Oleh : Ishak Rafick
Sebuah amplop putih panjang dengan kop surat istana tergeletak di meja sekretaris negara (setneg).
Hari masih pagi, pukul 6.30. Matahari nampak segan membagi kehangatan dan cahayanya. Mendung tebal menyelimuti ibukota negara. Staf dan pegawai setneg belum muncul. Setneg biasa datang jauh lebih pagi daripada bawahannya. Maklum tipe teladan. Dia memeriksa segala keperluan, terutama yang berkaitan dengan agenda kenegaraan presiden. Tidak boleh ada yang menyimpang. Apalagi sampai terlewat. Bisa dianggap subversib.
Matanya langsung tertarik pada amplop putih itu, yang entah bagaimana sudah ada di mejanya. Masih disegel dengan lem kertas yang sangat rekat dan rapih. Kop suratnya anggun dengan huruf-huruf balok berwarna merah menyala berada paling atas. Ada sebuah hologram bergambar ampibi di bagian kiri, menandakan keaslian amplop tersebut. Selebihnya kosong.

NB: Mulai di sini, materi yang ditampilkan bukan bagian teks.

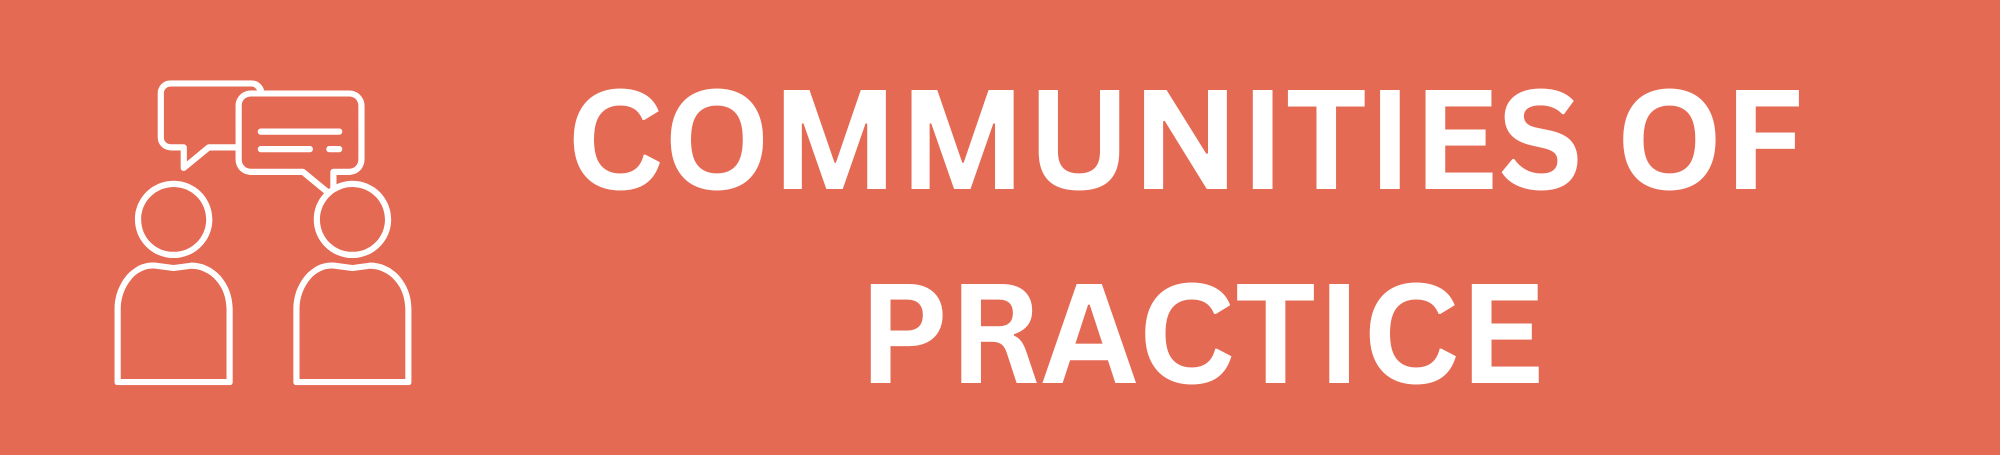 communities-of-practice.png

Dia menenggak kopi jahenya sampai tandas. Rasa lesu dan malas langsung terusir dari badannya. Lalu setelah mengedarkan pandangan penuh selidik, dia membuka amplop itu dengan pisau tipis stainless. Dia membacanya tanpa suara. Namun matanya seketika berkejap-kejap. Bibirnya bergerak-gerak seperti mengemut sesuatu. Sedang deburan jantungnya menggedor dada. Panics disorder, kata psikolog, alias gangguan kecemasan. Dia gemetar. Apa fasal? Inilah yang dia baca. Sebuah MANIFESTO, yang tak bisa disepelekan, bahkan oleh sang Diktator Agung sekalipun. Mengapa? Mari kita ikuti!
MANIFESTO Sang Diktator Agung:
“Aku Sang Diktator Agung Republik memerintahkan agar pada saat kematianku, kepalaku dipancung. Pancangkanlah kepalaku pada sebuah paku besar selama tiga hari di tengah halaman Plaza de Republica. Panggilah rakyat dengan sirine yang keras, agar mereka bisa menyaksikan kematianku.
Semua anggota keluargaku yang jadi bahan baku dinasti, mulai dari istriku tercinta si pengendali masa kini dan masa depan, putra-putraku yang jadi loket perusakan, menantu dan besanku – kumpulan musang, adik ipar dss, pun kabinetku, budakku – baik sipil, militer, polisi, jaksa, maupun mereka yang mengaku wakil rakyat – harus ditembak mati hari itu.
Juga 30 cukong super kaya, yang bisa mengendalikan eksekutif, legislatif, yudikatif dan aparat, sekaligus menjadi pasukan proxi asing timur dan barat – bersama anak-anak mereka, mesti masuk dalam kloter pertama tersebut. Jelas anggota kabinetku dua periode, wakil rakyat pengabdi perut sendiri dua periode, para petinggi kehakiman dan pembrantas korupsi yang bisa dilobi, mentri segala urusan yang punya boss di luar, dan mentri-mentri semacam itu jangan lolos. Begitu pula dengan para ketua-ketua partai politik pendukung dan intelektual kardus, yang telah menjual diri, mesti ditembak mati di hari yang sama! Tentu saja jangan lupakan para pentolan Forum Rektor yang bisa diternakkan.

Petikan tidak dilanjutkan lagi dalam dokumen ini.